Generally, HPBW can be used to determine the area of effective signal coverage, or angular resolution. In order for an antenna system to have high efficiency and performance, it is typically required to maintain the HPBW at the desired angular value, the main reason being that an overly large HPBW (i.e., an excessively wide angular range of radiation in the main radiation direction of an antenna) will make signals spread over an unnecessarily extensive area that includes a non-target area, which, if happening, not only will cause a waste of energy, but also may lead to signal leakage that interferes with other wireless systems, causing the antenna system to put extra resources into addressing the interference issue and optimizing signal quality and therefore end up with poor overall performance. If on the other hand the HPBW is too small, meaning the antenna system has too narrow a coverage area, the reception of effective signals outside the HPBW is impossible, so the service area of the antenna system will be undesirably reduced. Moreover, too small an HPBW will increase the requirement for directional precision of the antenna system, making it necessary to frequently adjust the direction of the antenna system in order to ensure effective signal transmission and reception.
A conventional antenna is generally so designed that its physical structure or dimensions must be changed (e.g., by using a mechanical mechanism to switch the external configuration of the antenna or vary the shape of the housing of the antenna equipment) in order to adjust the HPBW and thereby change the radiation mode, the objective being to achieve the desired signal coverage area and data transfer efficiency. However, as the aforesaid design requires the antenna equipment to go through physical structural changes, such as adjustment in the antenna position and/or changes in the antenna direction or in the physical structure of the antenna, not only is it difficult to make real-time adjustment, but also human interference may be called for, which will result in a complex and time-consuming adjustment process involving highly complicated operations.
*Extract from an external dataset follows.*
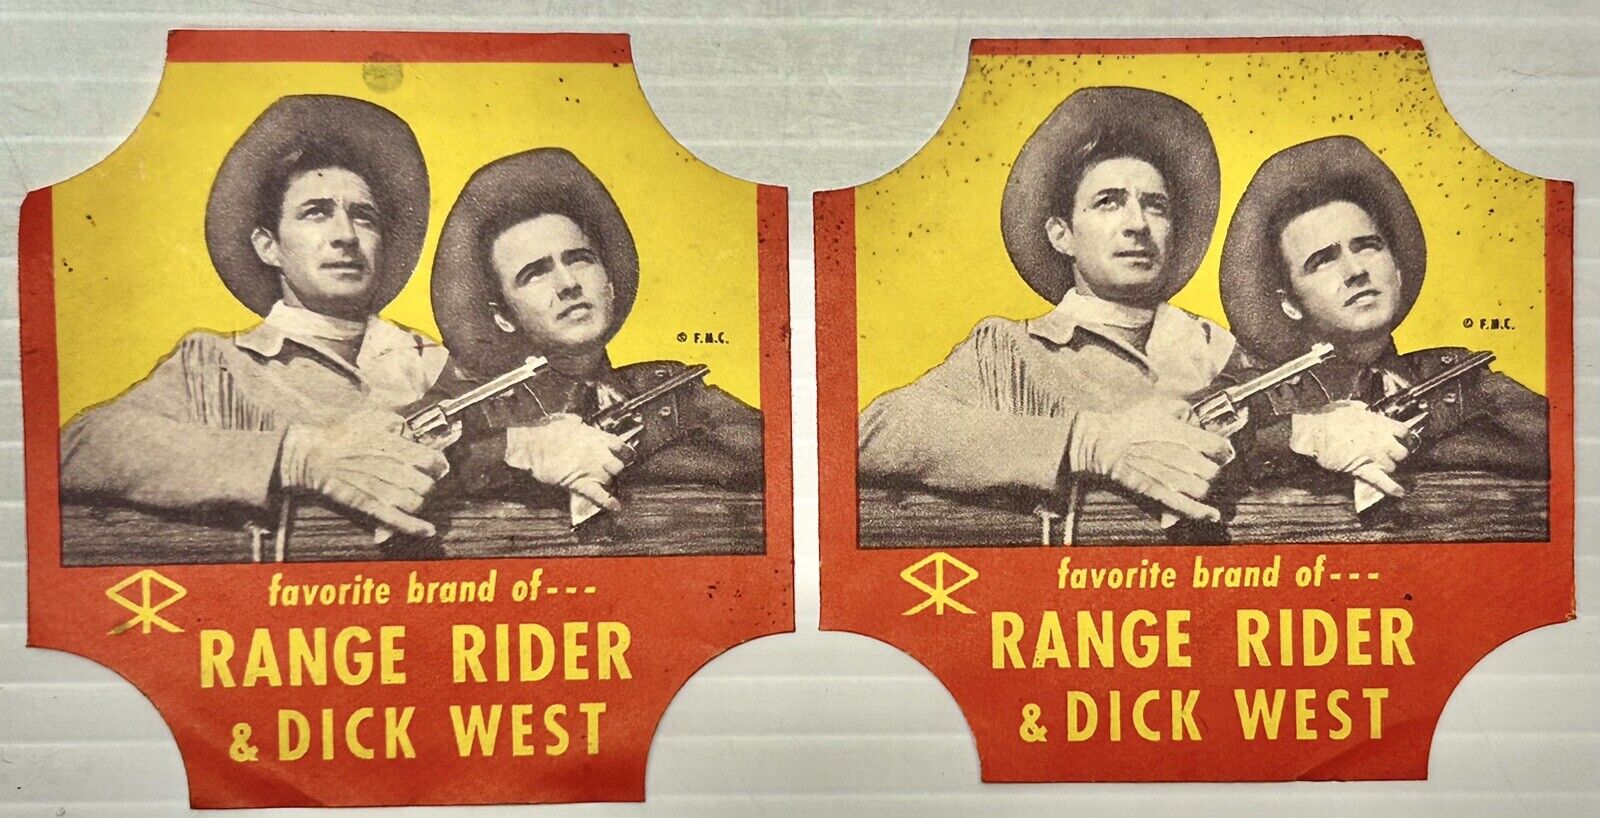 2 Vintage RANGE RIDERS Leslie Henry & Dick West Bread Wrapper Ends Labels

Accordingly, one of the issues to be addressed in the present disclosure is to provide an effective solution to the foregoing technical inadequacies and enable more flexible and more convenient HPBW adjustment.
SUMMARY
Modern wireless communication products have higher demands in terms of one-to-one reception and multimedia broadcasting. However, traditional antenna equipment for horizontal HPBW adjustment has been associated with issues including adjustment difficulties, high costs and high design complexity. Accordingly, to stand out in such a highly competitive market, based on years of extensive practical experience in professional antenna design and the research spirit for excellence, and as a result of longtime labored research and experiment, an antenna system with a switchable horizontal HPBW is provided in the present disclosure, so as to offer better use experience to users and to conveniently and swiftly adjust the horizontal HPBW of an antenna for its use in different scenarios.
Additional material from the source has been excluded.